■ **PROBLEM DETAILS**: All that is wanted is the exact lines from the first line of the data below through the line with "Hannah's Blanket Knitting Kit 3 of 3", both ends included, with pictures omitted.

■ **SUPPLIED INFORMATION**:
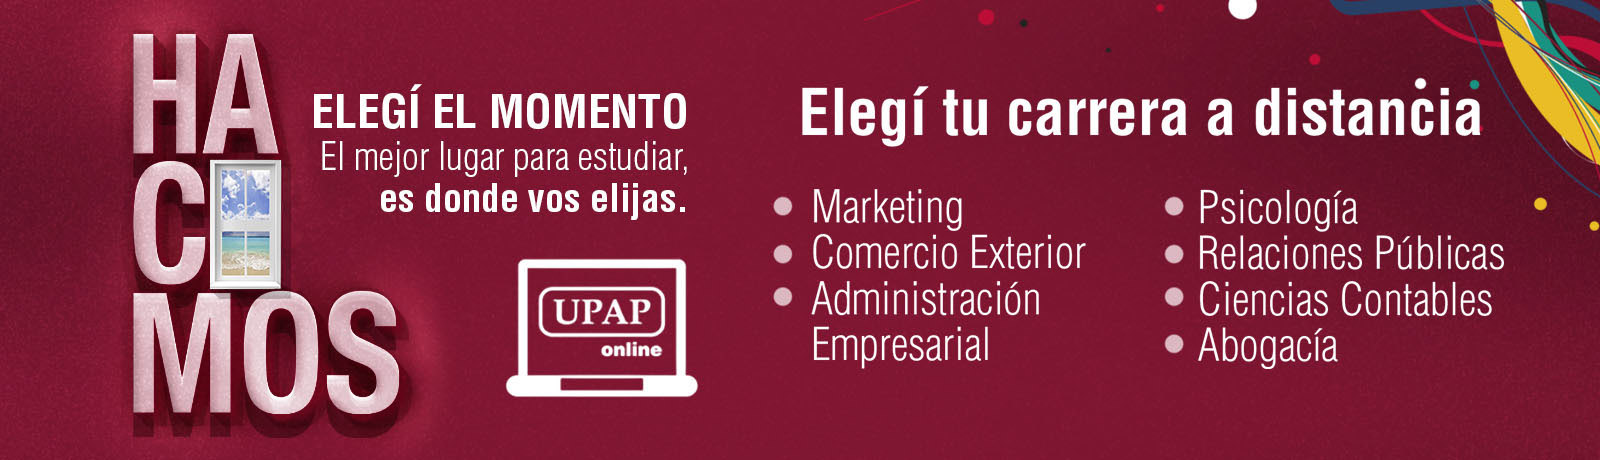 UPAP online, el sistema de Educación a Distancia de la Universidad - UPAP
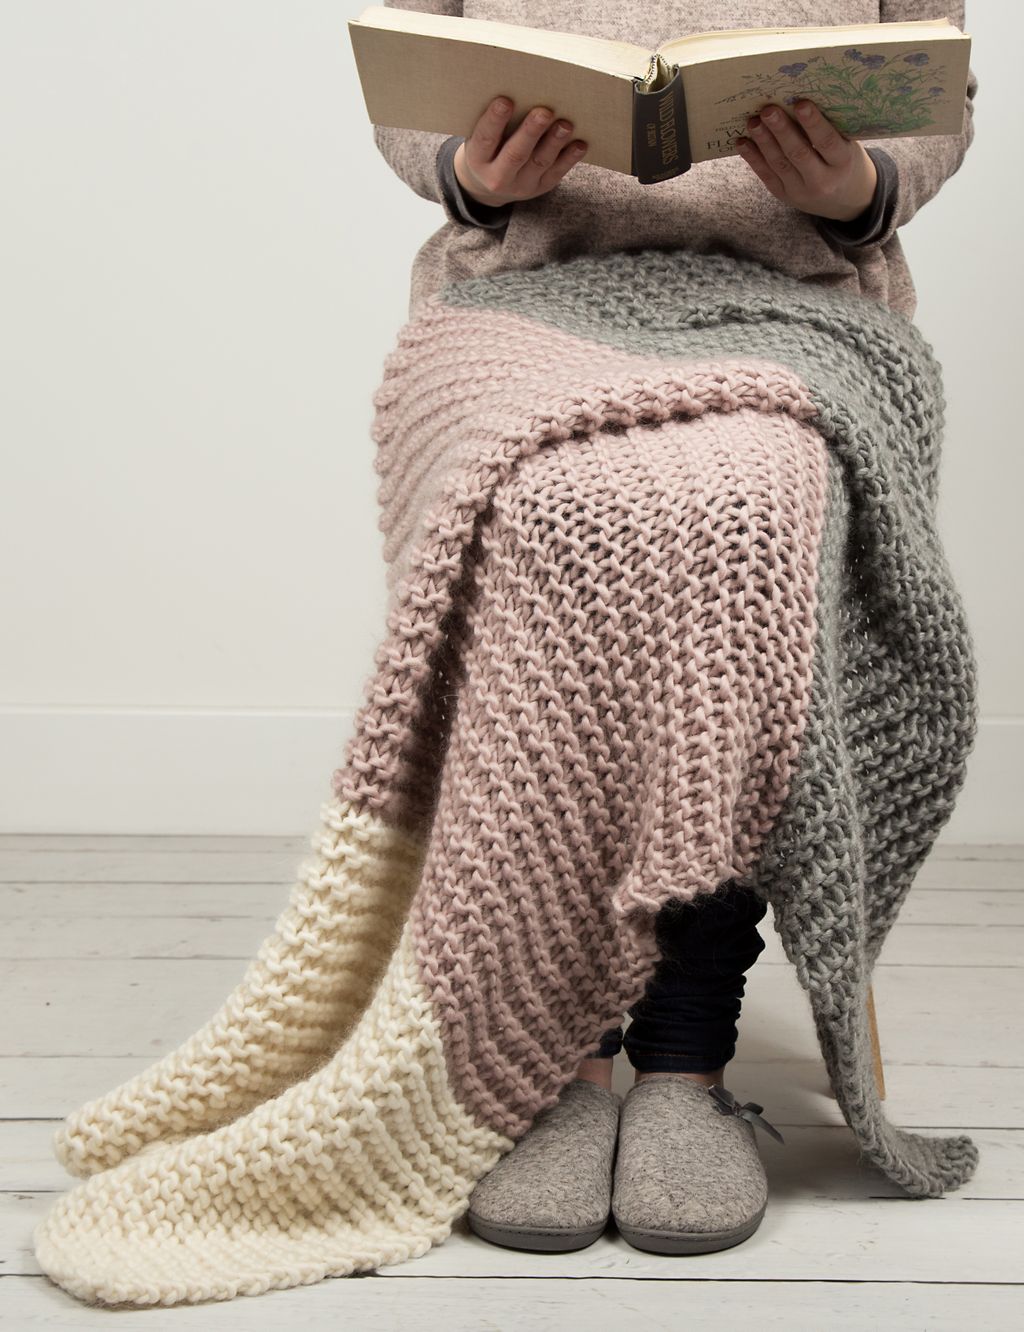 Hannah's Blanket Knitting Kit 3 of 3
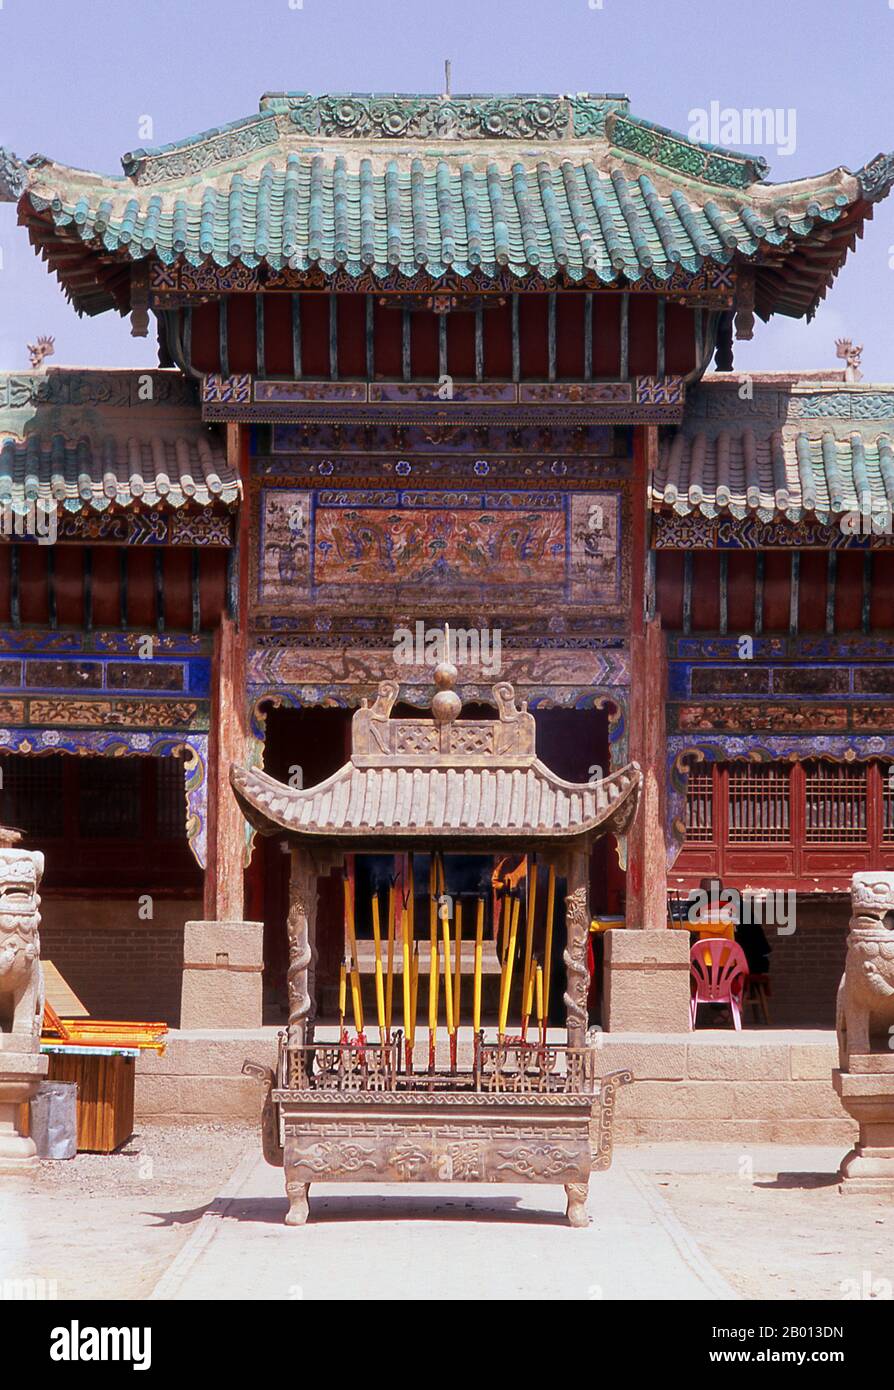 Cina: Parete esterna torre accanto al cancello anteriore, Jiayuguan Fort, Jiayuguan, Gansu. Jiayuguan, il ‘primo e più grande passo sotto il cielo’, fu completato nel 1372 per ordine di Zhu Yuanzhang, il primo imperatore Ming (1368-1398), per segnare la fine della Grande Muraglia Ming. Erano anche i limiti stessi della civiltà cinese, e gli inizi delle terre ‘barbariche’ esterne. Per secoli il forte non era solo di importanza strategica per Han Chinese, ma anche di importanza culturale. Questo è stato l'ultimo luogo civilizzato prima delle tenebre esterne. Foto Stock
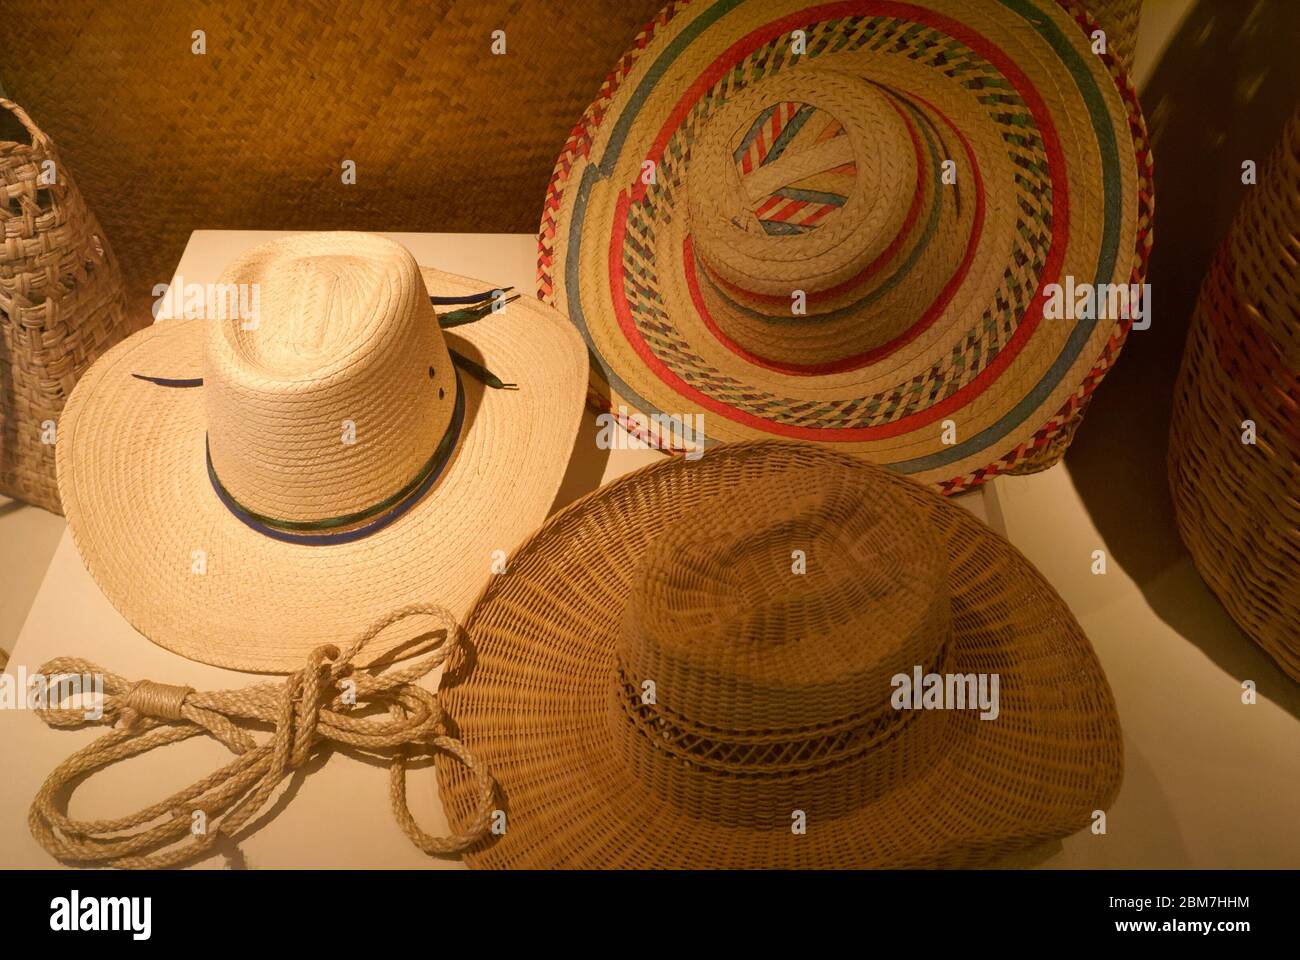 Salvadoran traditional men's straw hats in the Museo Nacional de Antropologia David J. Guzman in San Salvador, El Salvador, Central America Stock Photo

■ **THE COMPLETED TASK**:
 UPAP online, el sistema de Educación a Distancia de la Universidad - UPAP
 Hannah's Blanket Knitting Kit 3 of 3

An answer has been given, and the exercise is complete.